R has six basic (‘atomic’) vector types: logical, integer, real,
complex, string (or character) and raw. The modes and storage modes
for the different vector types are listed in the following table.
typeof mode storage.mode
logical logical logical
integer numeric integer
double numeric double
complex complex complex
character character character
raw raw raw
Single numbers, such as 4.2,
and strings, such as "four point two" are still vectors, of length 1;
there are no more basic types. Vectors with length zero are possible
(and useful).
2.1.2 Lists
Lists (“generic vectors”) are another kind of data storage. Lists have
elements, each of which can contain any type of R
object, i.e. the elements of a list do not have to be of the same
type. List elements are accessed through three different indexing
operations. These are explained in detail in Indexing.

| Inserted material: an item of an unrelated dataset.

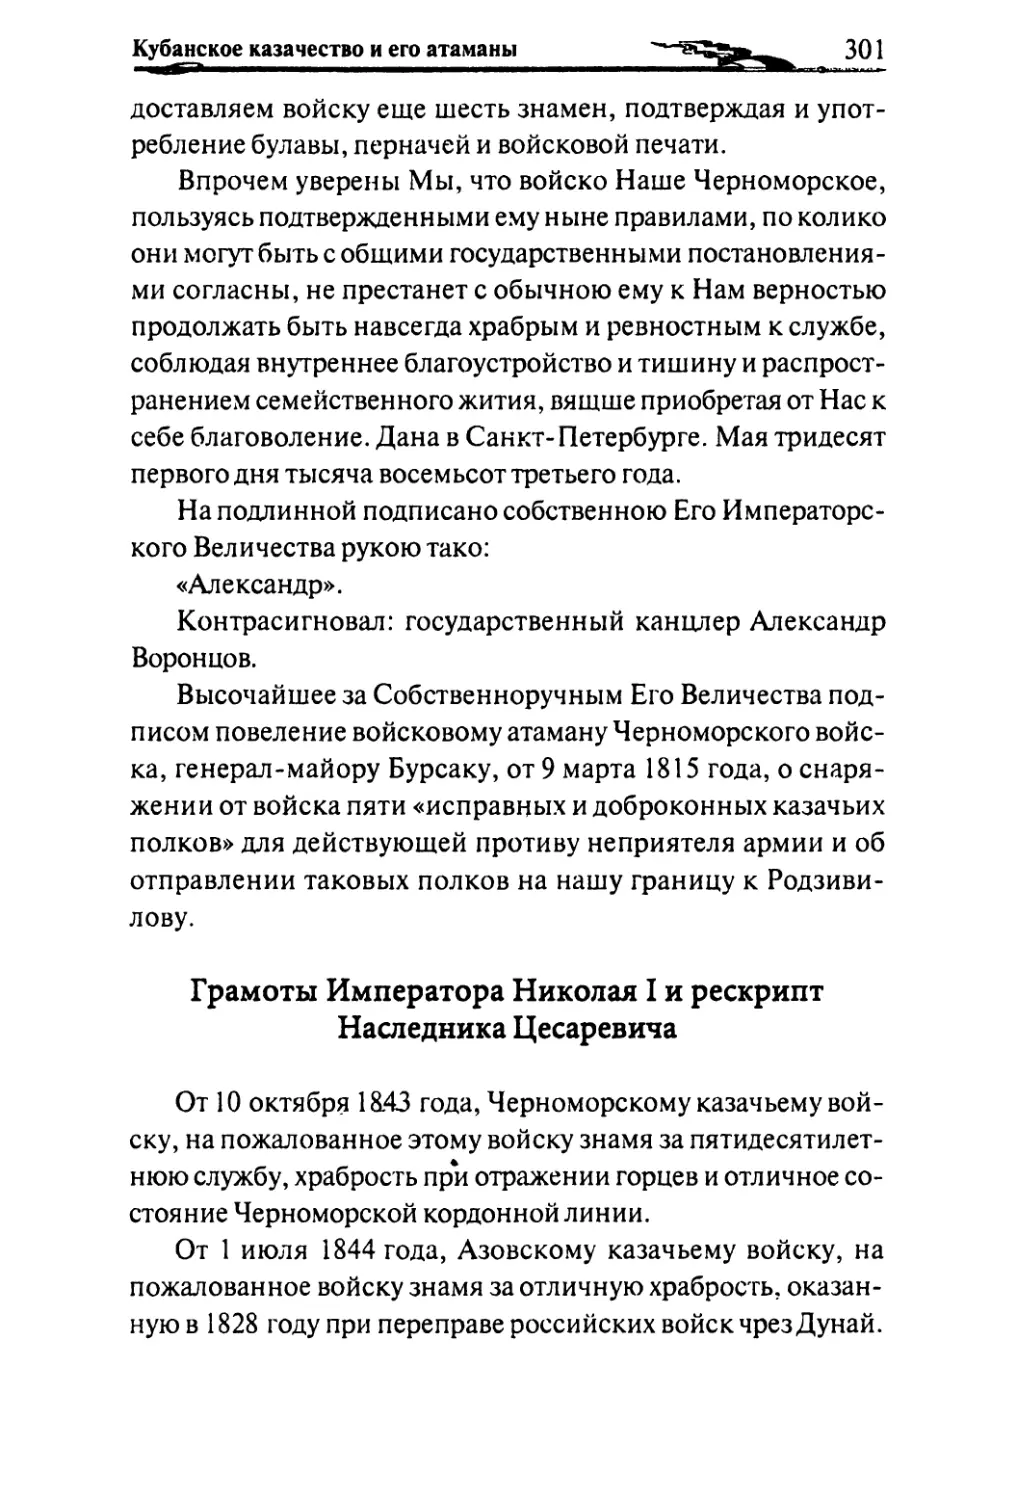 Грамоты Императора Николая I и рескрипт Наследника Цесаревича

Lists are vectors, and the basic vector types are referred to as
atomic vectors where it is necessary to exclude lists.
From help("is.vector"):
If mode = "any", is.vector may return TRUE for the atomic modes, list
and expression. For any mode, it will return FALSE if x has any
attributes except names. [...]
(An expression is basically a list.)
Note that factors are not vectors; is.vector returns FALSE and as.vector converts a factor to a character vector for mode = "any".
Finally, as #Henrik points out, c coerces all arguments to the same type.
Actually, in your example, the "1" will be viewed as a character by R.
a<-c(1,"b")
typeof(a[1])
[1] "character"